Elasticity Assurance offers guaranteed resources to flexibly meet your daily requirements. If you have consistent resource requirements, we recommend that you use Capacity Reservation.
- The elasticity assurance is created after you pay for its upfront costs (assurance fee).
- At any time during the assurance period (the validity period of the elasticity assurance), you can use the reserved capacity in the private pool associated with the elasticity assurance to create pay-as-you-go instances.
- The elasticity assurance is automatically released when it expires.
Note Created pay-as-you-go instances are not affected when the associated elasticity assurance is released, and continue to run normally. The instances are billed at the pay-as-you-go rate after they are created.
- Low-cost guaranteed provision of resources: You can purchase elasticity assurances at low costs to reserve resources for specified durations. During these durations, you can use the reserved resources to create pay-as-you-go instances that have matching attributes.
- Flexibility in resource use time: Elasticity assurances provide guaranteed access to resources and allow you to create and release pay-as-you-go instances within the reserved capacity at any time over an extended period of time.

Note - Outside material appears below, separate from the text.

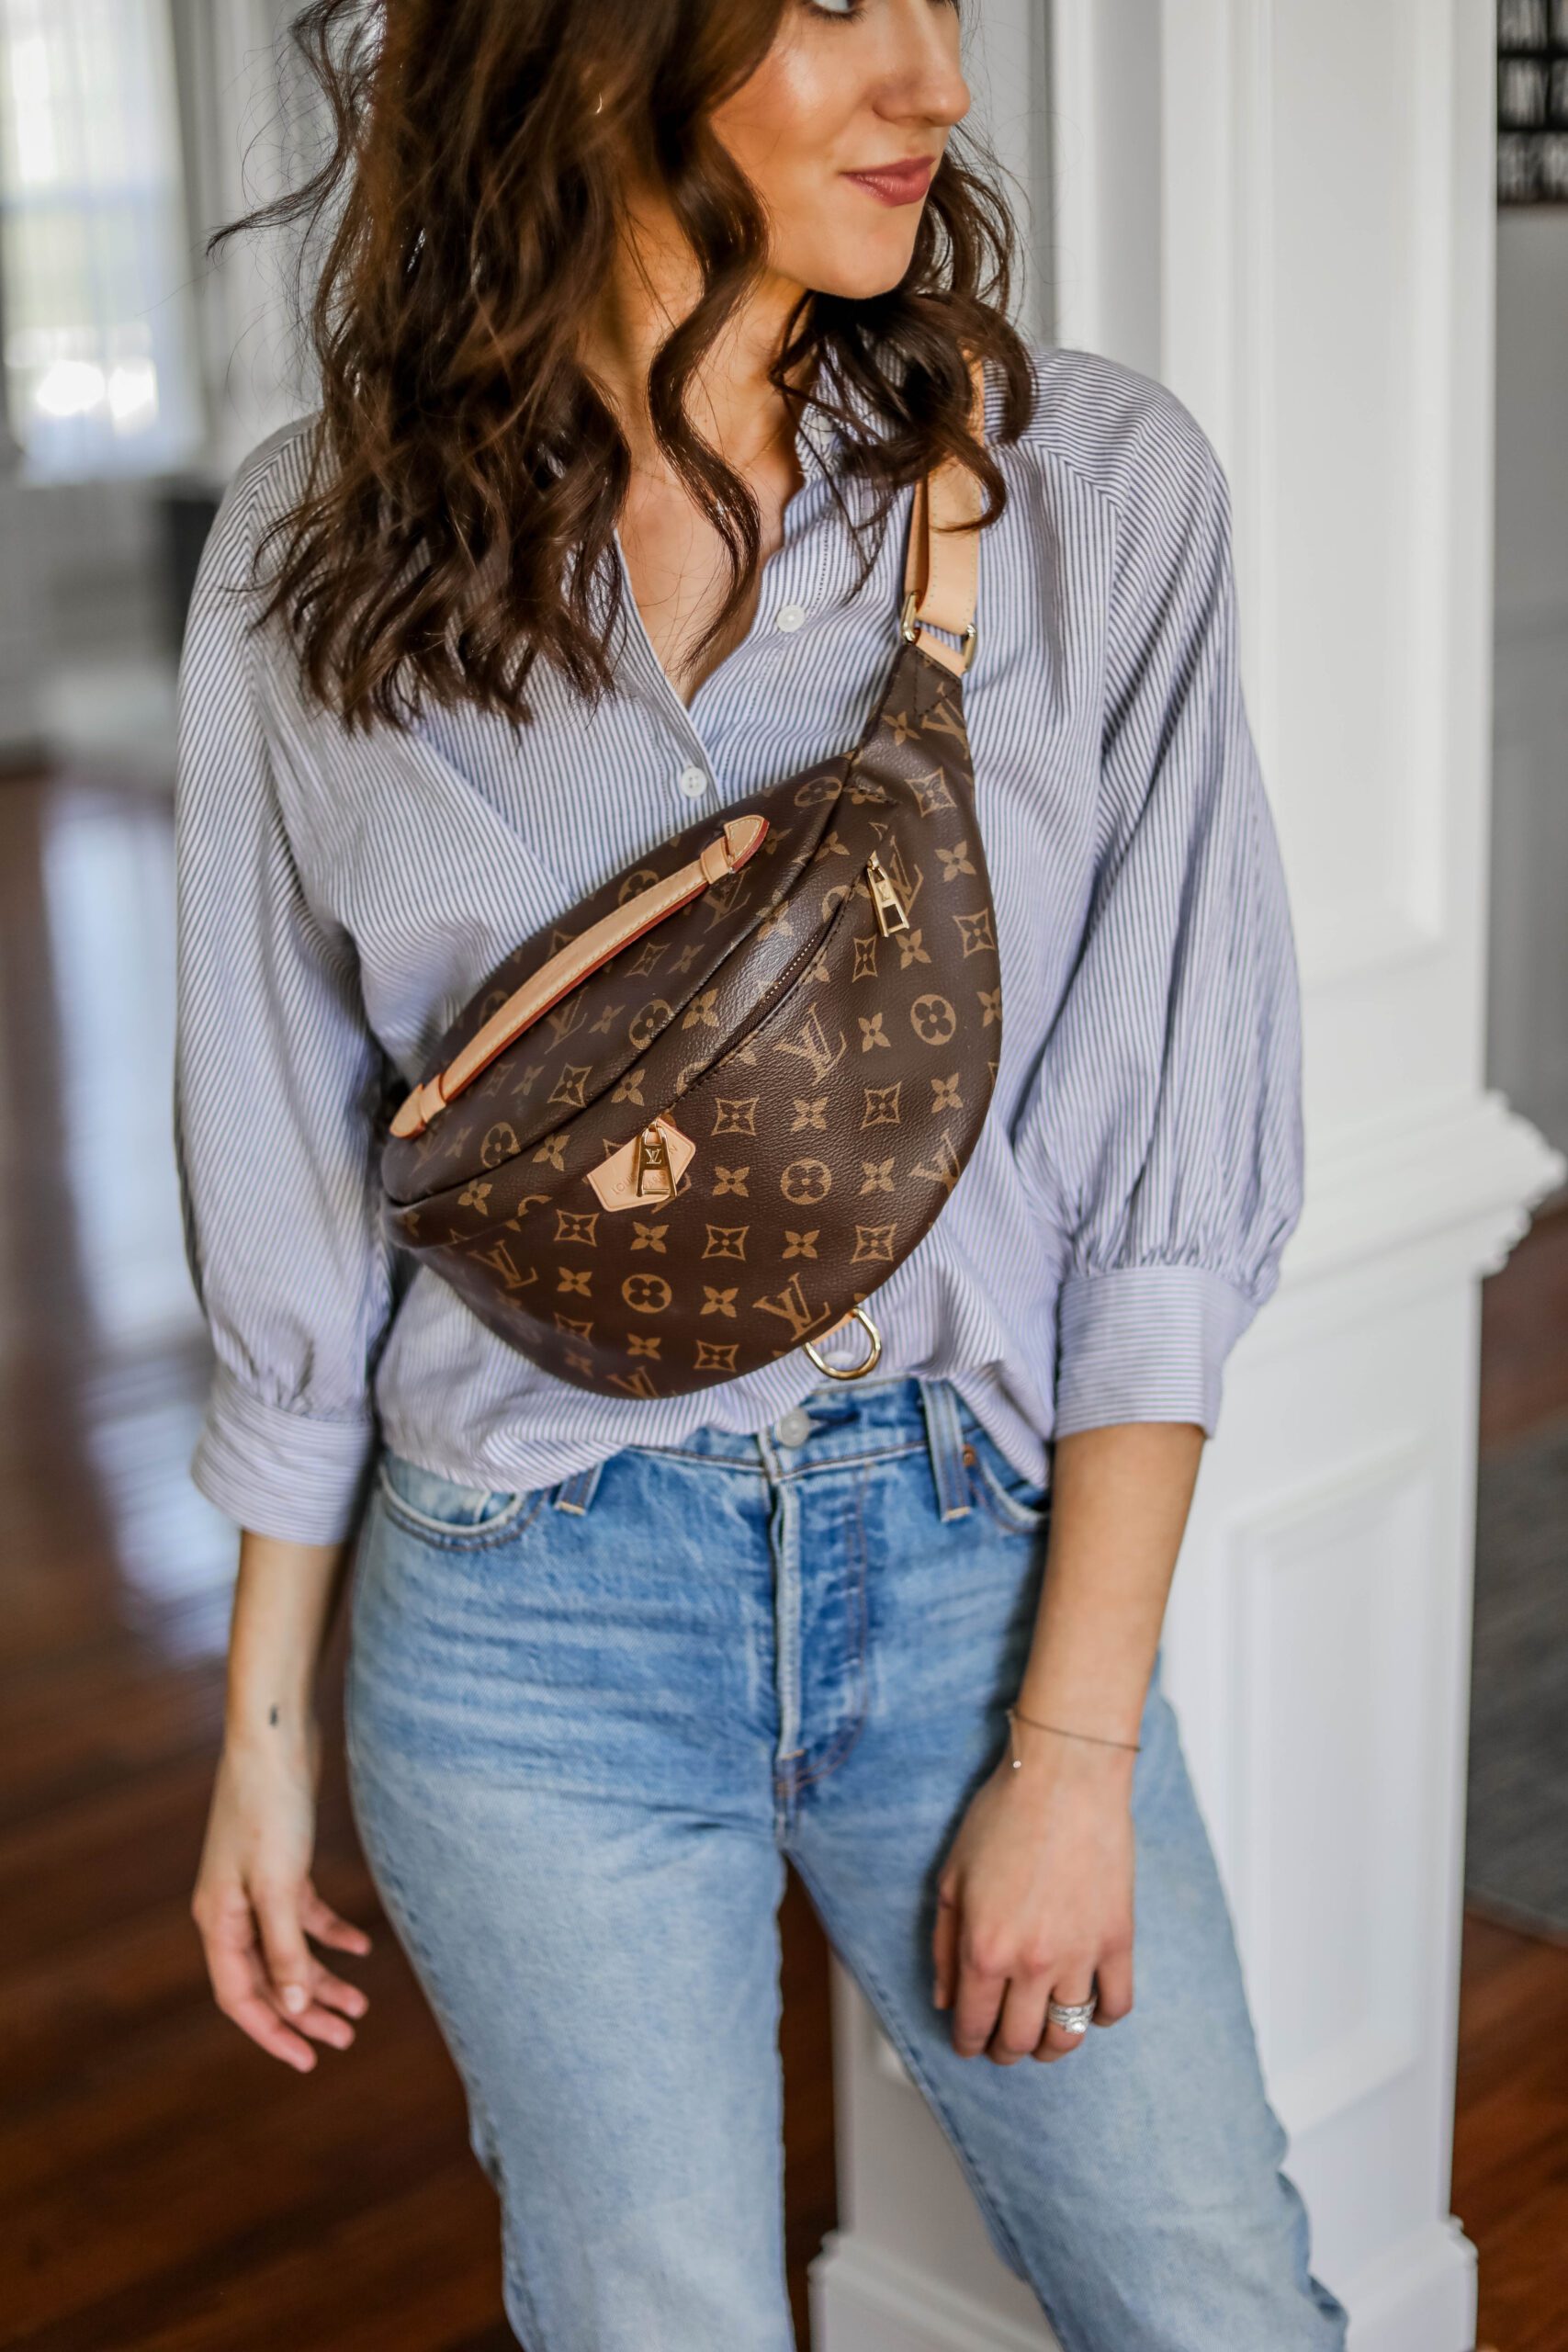 The Vuitton Bags for - My 3 Personal Favorites

- Use in conjunction with discount plans: Pay-as-you-go instances created from reserved resources in private pools can match savings plans or regional reserved instances to benefit from the billing discounts.

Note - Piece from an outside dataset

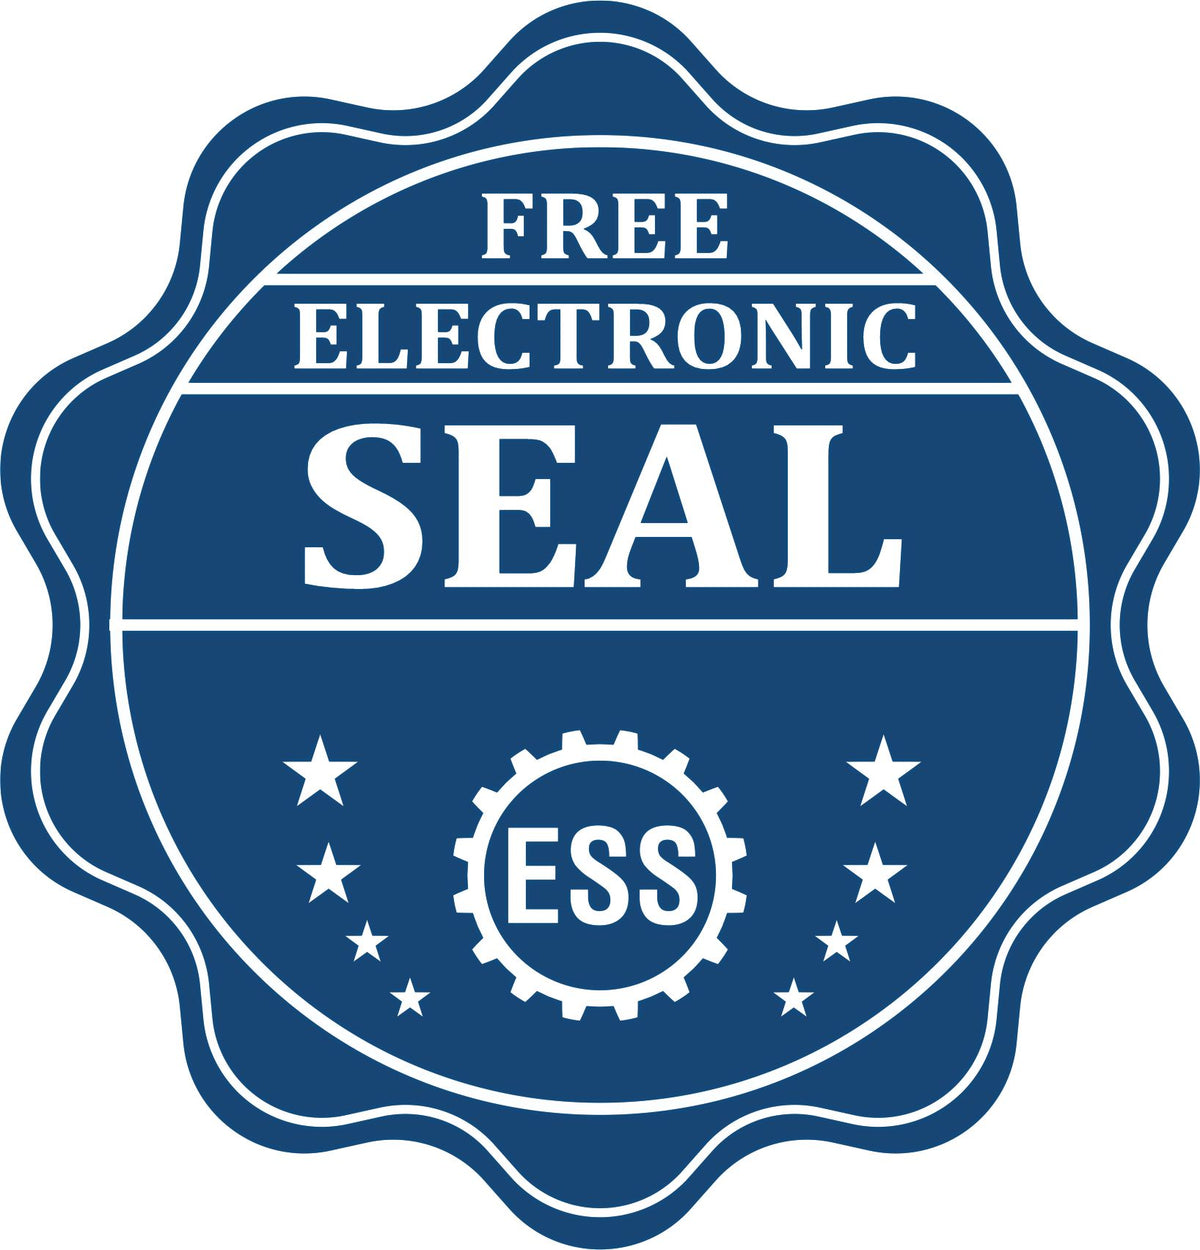 A badge showing a free electronic seal for the Heavy Duty Cast Iron Florida Engineer Seal Embosser with stars and the ESS gear on the emblem.

- Assurance fee generated when you create the elasticity assurance
- Hourly fees of the pay-as-you-go instances that were created from the reserved resources
of the elasticity assurance
Note If you have purchased applicable savings plans or regional reserved instances, you can apply them to the pay-as-you-go instances.
- Elasticity Assurance is available only for specific instance types in specific regions. For more information, see the buy page.
- You cannot cancel elasticity assurances or release them before they expire.
- Reserved resources in a private pool can be used to create only pay-as-you-go instances of the same instance type in the same zone as the associated elasticity assurance.
- Zonal reserved instances cannot be applied to the pay-as-you-go instances that were created from reserved resources in private pools.
- Periodic short-term resource requirements: Elasticity Assurance guarantees the provision of resources when you want to scale your computing resources during a fixed period of time every day, week, or month. Your business is affected if no sufficient resources are available during that period of time. However, you have only small resource requirements during the other periods of time, and consume a small amount of resources in total. In this context, discount plans such as reserved instances are underused. For example, a financial SaaS service provider requires a large amount of resources to perform an account check at the beginning of each month, or a rendering enterprise needs to process a number of rendering tasks at the beginning of each week.
- Occasional large resource requirements: Elasticity Assurance enables you to reserve resources for urgent use so that you can have fast access to resources and ensure business continuity in case of unexpected events. For example, an Internet media company that needs to occasionally report breaking news or enterprises that need to reserve resources for disaster recovery are scenarios for which Elastic Assurance is suited.
- Resource guarantee during special periods: In high-traffic periods such as Double 11 and Spring Festival when resources are strained, Elasticity Assurance helps ensure that key business runs smoothly and avoid risks caused by resource contention. For example, resources required for key business such as live video streaming, ticket-grabbing, and giveaways need to be guaranteed.
- In use of preemptible instances, clusters may fail to be scaled out due to insufficient resources in a zone.
- They use pay-as-you-go instances in place of preemptible instances for guaranteed provision of resources, which results in cost increases.
- In high-traffic periods such as Double 11, it may not be possible to create pay-as-you-go instances due to unavailability of resources. This failure may affect their key business.
- Make a resource requirements plan and select zones where resources are sufficient.
- Purchase zonal reserved instances and elasticity assurances to reduce pay-as-you-go
instance costs while guaranteeing the provision of resources.
- Zonal reserved instances can cover resources in consistent use to reduce pay-as-you-go instance costs.
- Elasticity assurances can be used to meet daily requirements for elastic resources and reserve resources at lower costs than reserved instances do. Elasticity assurances provide guaranteed resources for your exclusive use to create pay-as-you-go instances even when resources are strained.
- You can choose to create pay-as-you-go instances only for key business by using reserved resources in private pools.